Cassio: No, Cæsar hath it not; but you, and I,
And honest Casca, we have the falling sickness.

Casca: I know not what you mean by that;
but I am sure Cæsar fell down.

Bruto: What said he when he came unto himself?

Casca: …he said,
it he had done or said any thing amiss, he desired
their worships to think it was his infirmity

------------

Casca:…la plebaglia urlava e batteva le mani screpolate e gettava in aria i berretti bisunti ed esalava tal copia di fiato fetente perchè Cesare rifiutava la corona, che quasi ha soffocato Cesare: perchè egli è svenuto ed è caduto a terra: e per parte mia, non osavo ridere per paura di aprire la bocca e di respirare l’aria fetida.

Cassio: Ma, adagio, vi prego: come! Cesare è svenuto?

Casca: E’ caduto a terra nel Foro con la schiuma alla bocca ed è restato senza favella.

Bruto: E’ possibilissimo: egli ha il mal caduco.

Cassio: No, Cesare non l’ha; ma voi , ed io, e l’onesto Casca, noi, abbiamo il mal caduco.

Casca: Non so cosa vogliate dire con questo; ma sono sicuro che Cesare è caduto…

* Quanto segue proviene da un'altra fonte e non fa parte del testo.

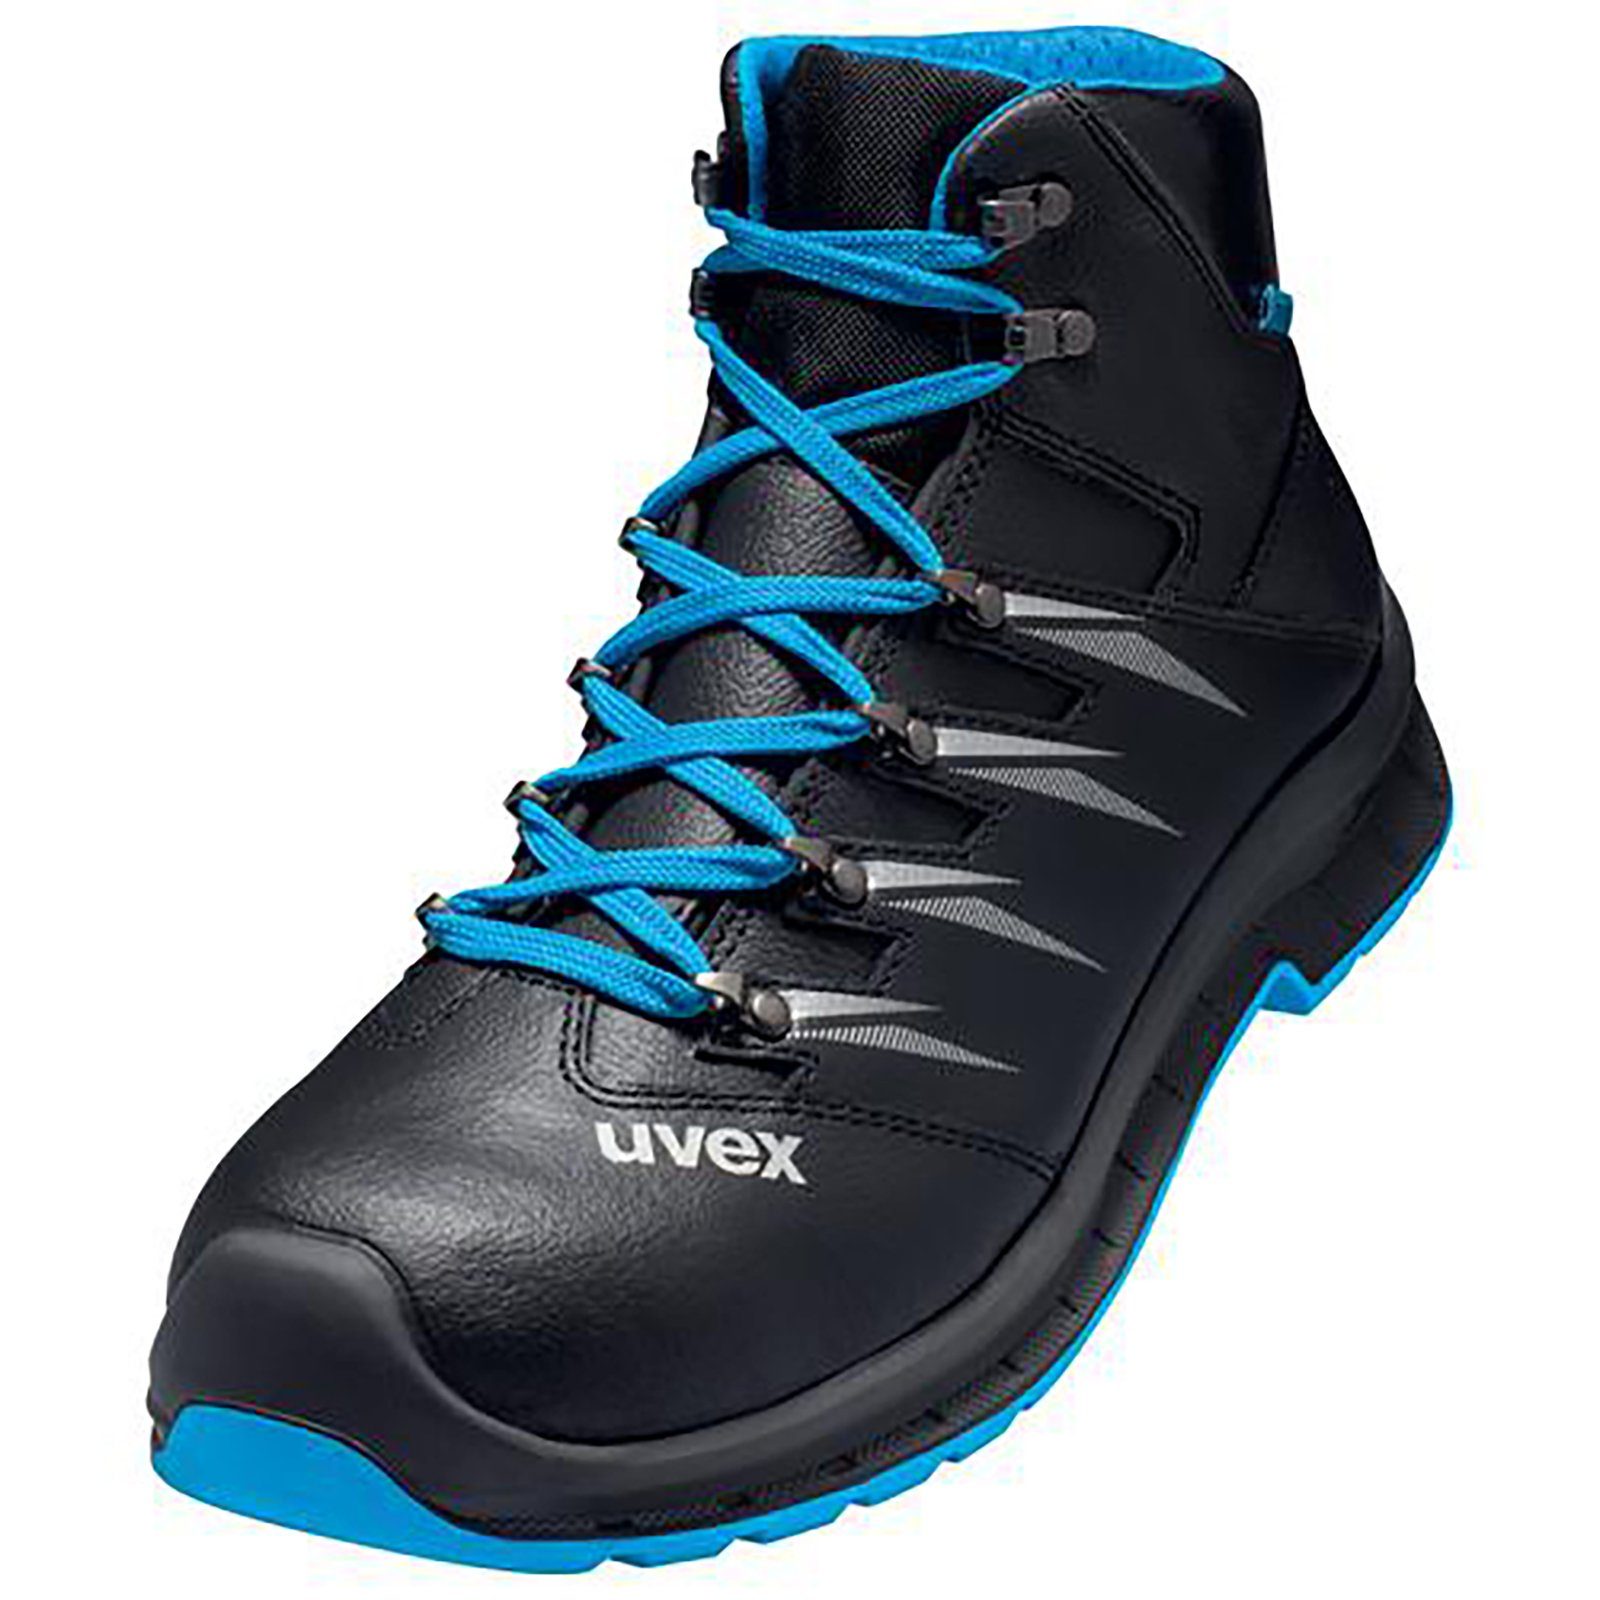 Uvex 2 trend Stiefel S3 blau, schwarz Weite 10 Sicherheitsstiefel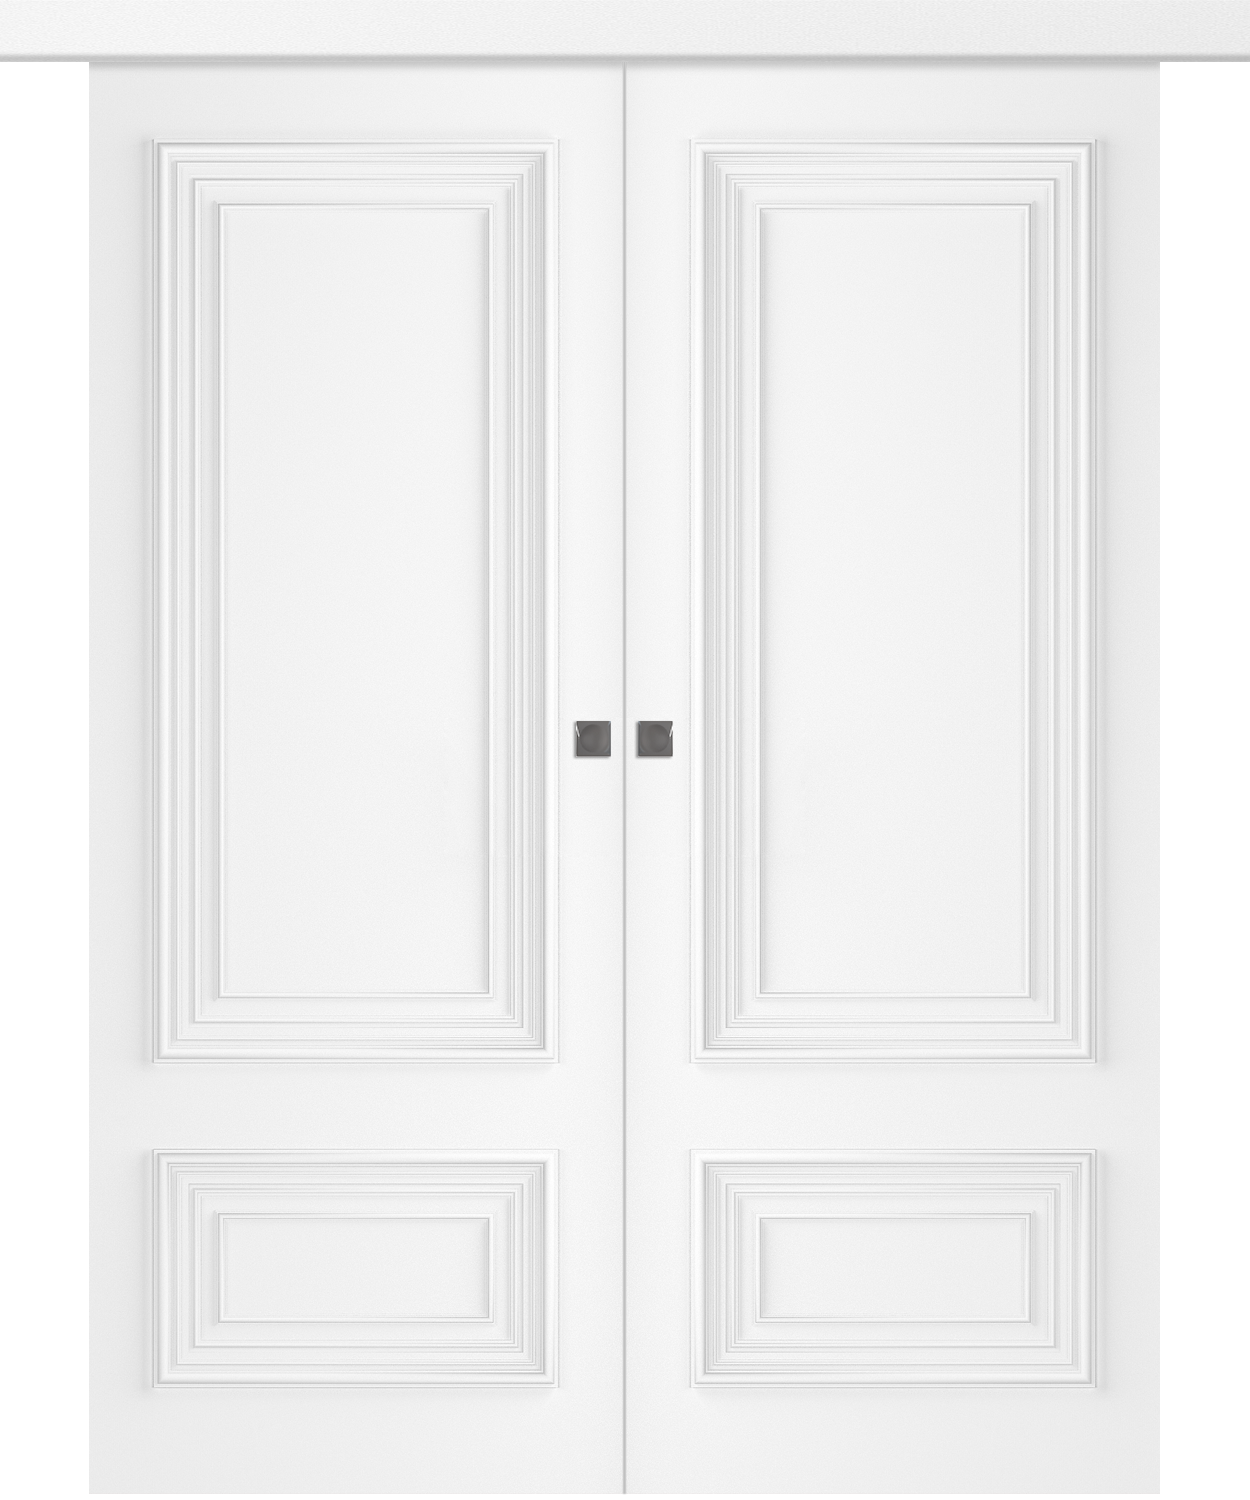 Дверное Полотно Пвдгщ "Палаццо 2" Эмаль Белый 2,0-0,6 Smart Core Купе двойное

Bruto: Che cosa ha detto quando è tornato in sé?

 

 “Giulio Cesare” (1599), Atto I, scena II (traduzione di Aldo Ricci, Sansoni, Firenze, 1946)

 

 
     > Ancora Shakespeare: “Otello”, un’altra tragedia dell’epilessia

Otello: …Noses, ears, and lips.
– Is’t possible?-Confess,-handkerchief!-O devil!-
(Falls in a trance)

Iago: …How now, Cassio!

Cassio
: What’s the matter?

Iago
: My lord is fallen into an epilepsy:
This is his second fit; he had one yesterday.

Cassio
: Rub him about the temples.

Iago: No, forbear;
The lethargy must have his quiet course:
If not, he foams at mouth, and by and by
Breaks out to savage madness. Look, he stirs:
Do you withdraw yourself a little while,
He will recover straight…
How is it, general? have you not hurt your
head?

Otello: Dost thou mock me?

-------

Otello: Nasi, orecchie, bocche! E’ possibile? Ha confessato? E il azzoletto? Oh, demonio!
(cade per terra, in delirio)

Iago: …Siete voi, Cassio?
Cassio: Che è accaduto?

Iago: Una crisi epilettica. E’ già il secondo accesso: ne ebbe uno anche ieri.
Cassio: Stropicciategli forte le tempie.

Iago: Meglio no. Che lo svenimento abbia un decorso tranquillo. Altrimenti, si mette a fare schiuma alla bocca, e dà in furiose pazzie. Guardate, che comincia a muoversi. Allontanatevi un istante. Ora torna in sé…Come va, generale? Non avrete mica battuto la testa?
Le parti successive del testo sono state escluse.